The £8m would cover the last elements of the rocket’s development and the work needed to prepare and run the car on its bespoke race track on Hakskeen Pan, a dried out lakebed in South Africa’s Kalahari Desert.
The aim is to try to break the land speed record during the pan’s dry, cool months from July to August 2021. But that means kickstarting the final push no later than June this year.
“I reckon there’s about a year’s worth of work to get the car ready, so we need to get going in the next few months,” Mr Warhurst explained. “After we came back from South Africa at the end of last year, we let team members take up other contracts. But we need now to give them certainty if we’re to ask them to come back.”
The businessman said the general public’s interest in the Gloucestershire-based project had been immense. Independent analysis of the media coverage showed any sponsors involved in the South African trials could have received a 14:1 return on their investment, he claimed.
The privately funded Bloodhound project was launched in 2008 by then science minister and car racer Lord Paul Drayson as a “vehicle” to get schoolchildren engaged in science, technology, engineering and mathematics (STEM) subjects.

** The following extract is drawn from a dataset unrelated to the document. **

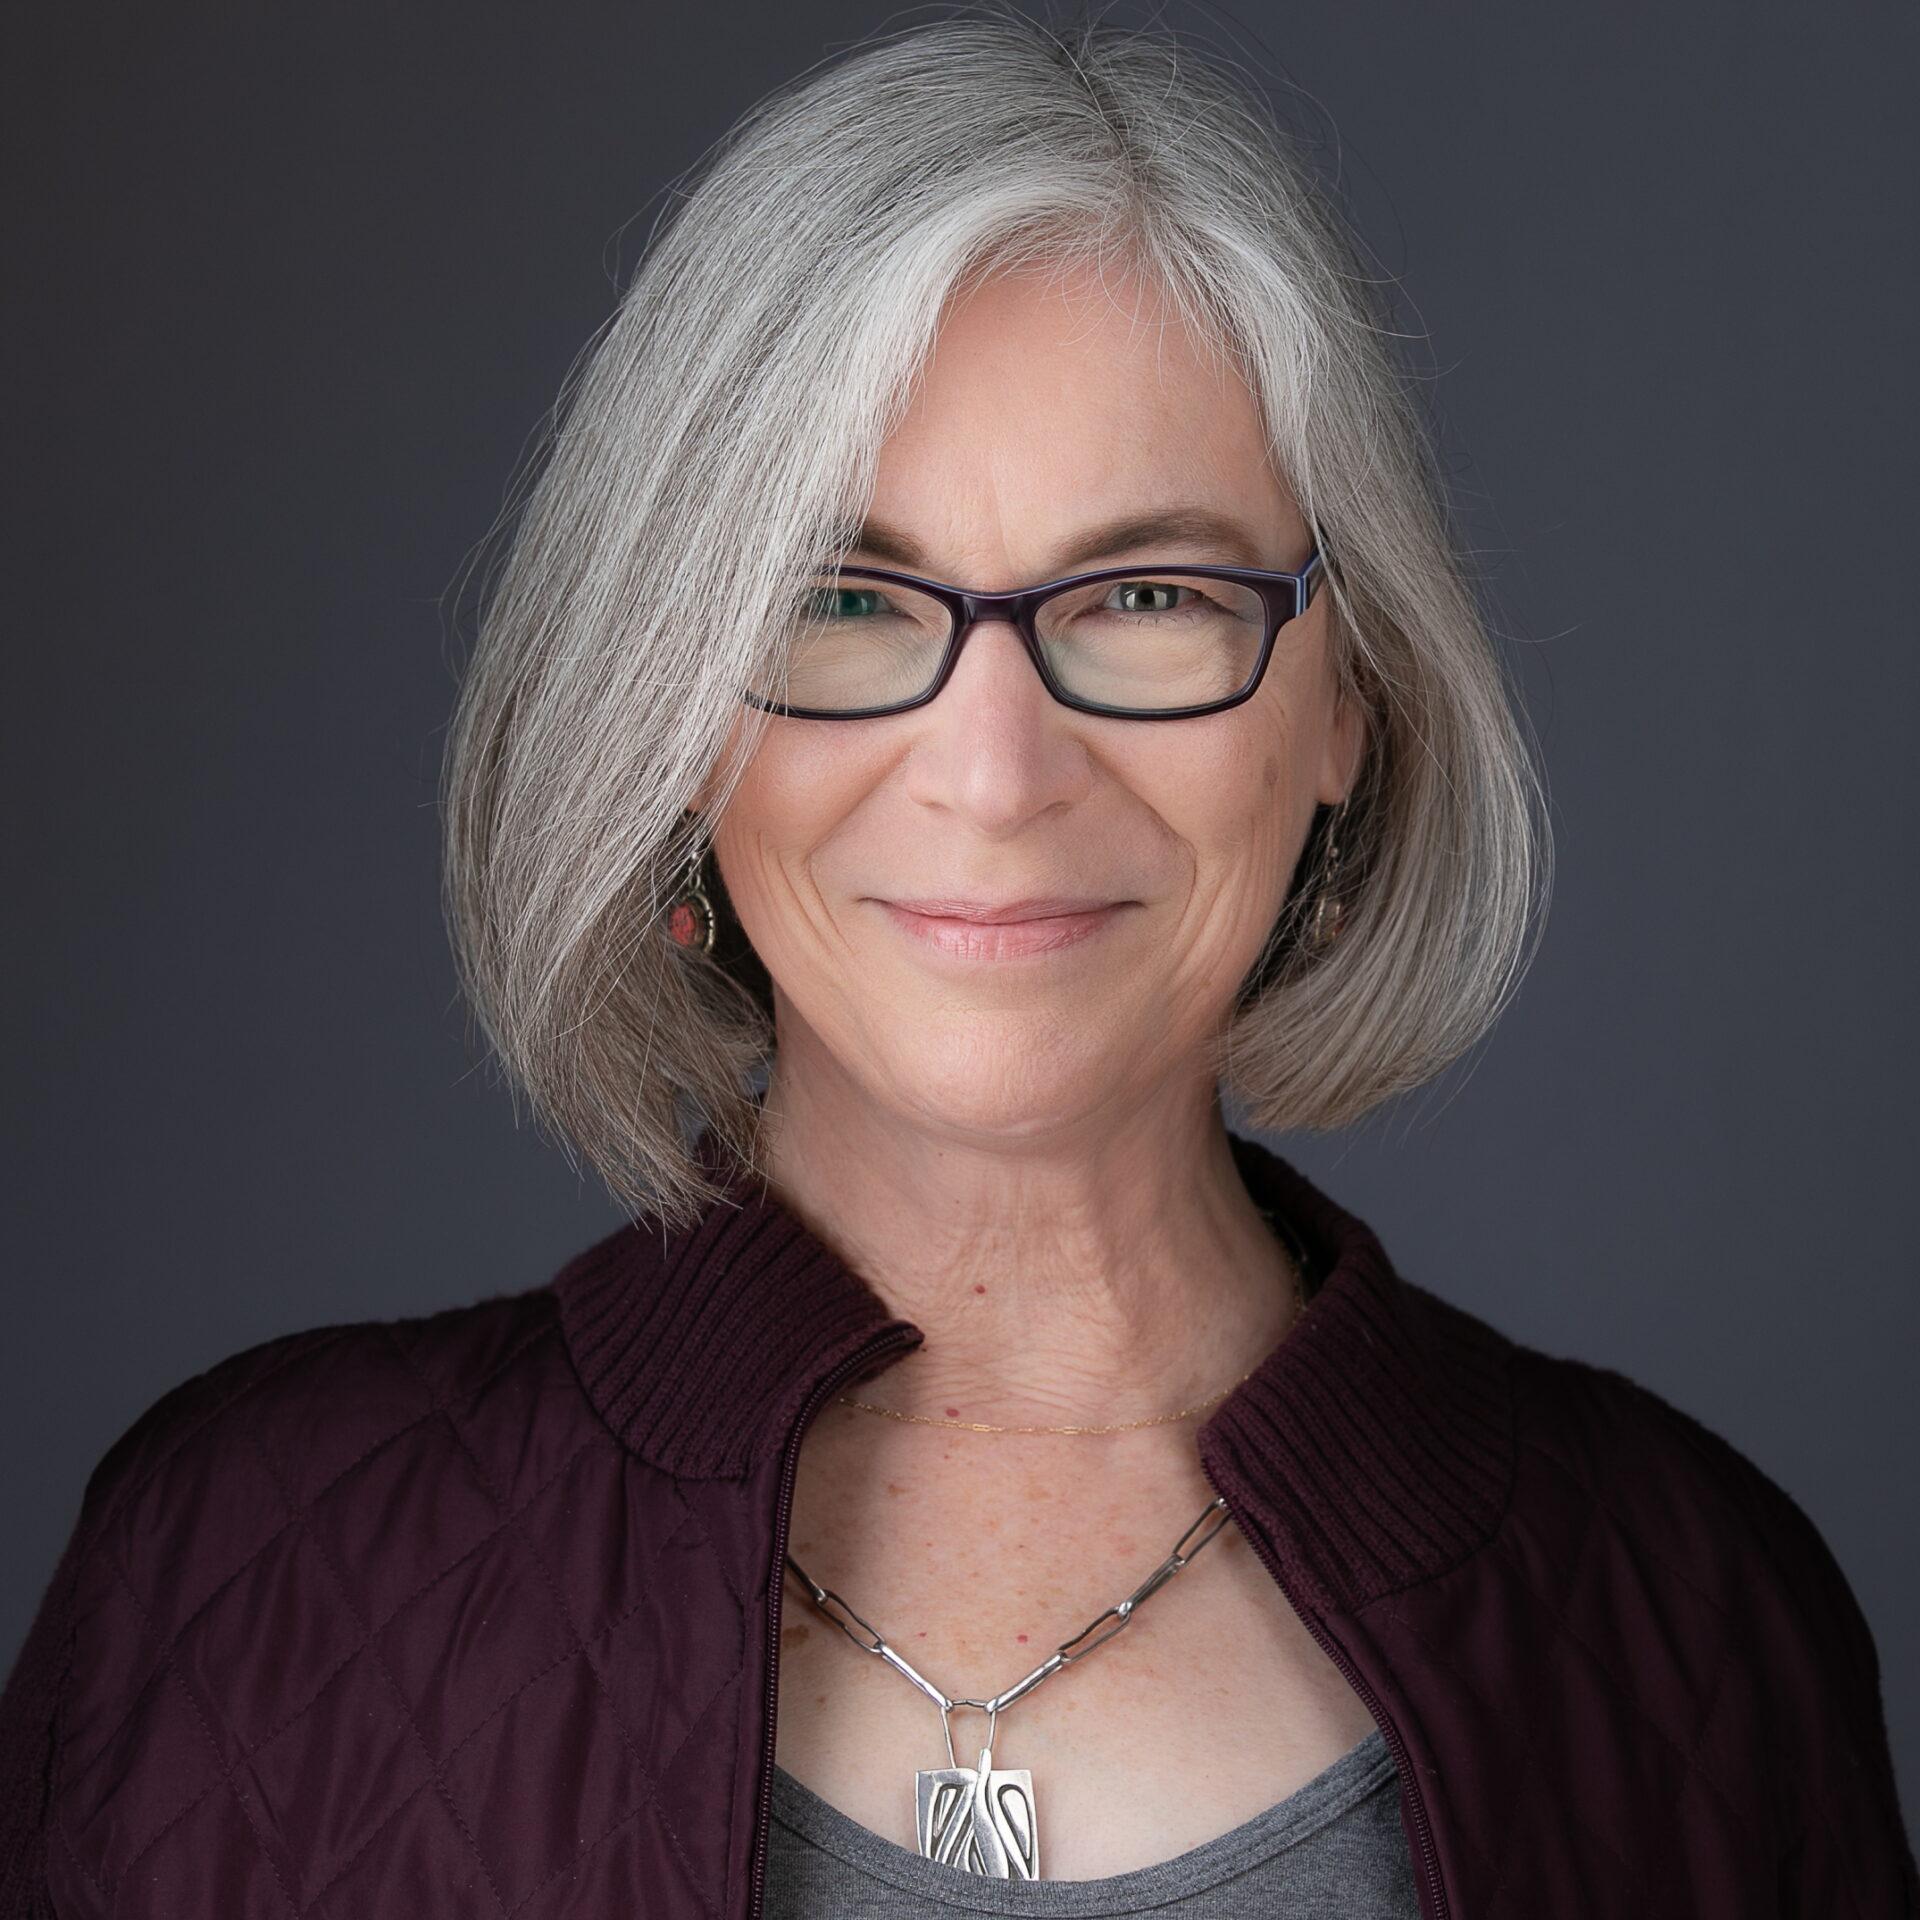 Kathryn Goldman

An education charity has been operating in tandem with the development programme, using model rocket cars to teach fundamental concepts such as Newtonian laws.
Bloodhound was designed to run with a Eurofighter-Typhoon EJ200 jet engine in unison with a rocket.
Rolls-Royce supplies the turbofan and the Norwegian aerospace company Nammo is poised to provide the booster.
The speeds Bloodhound achieved last year using just the EJ200 power unit put it in a select group of only eight cars to run faster than 600mph – Sonic 1, Blue Flame, Thrust2, Budweiser Rocket, Sonic Arrow, Aussie Invader III, and Thrust SSC.
It is Thrust SSC which set the existing land speed record in 1997. Its driver was Andy Green. The former RAF pilot is also the driver in Bloodhound.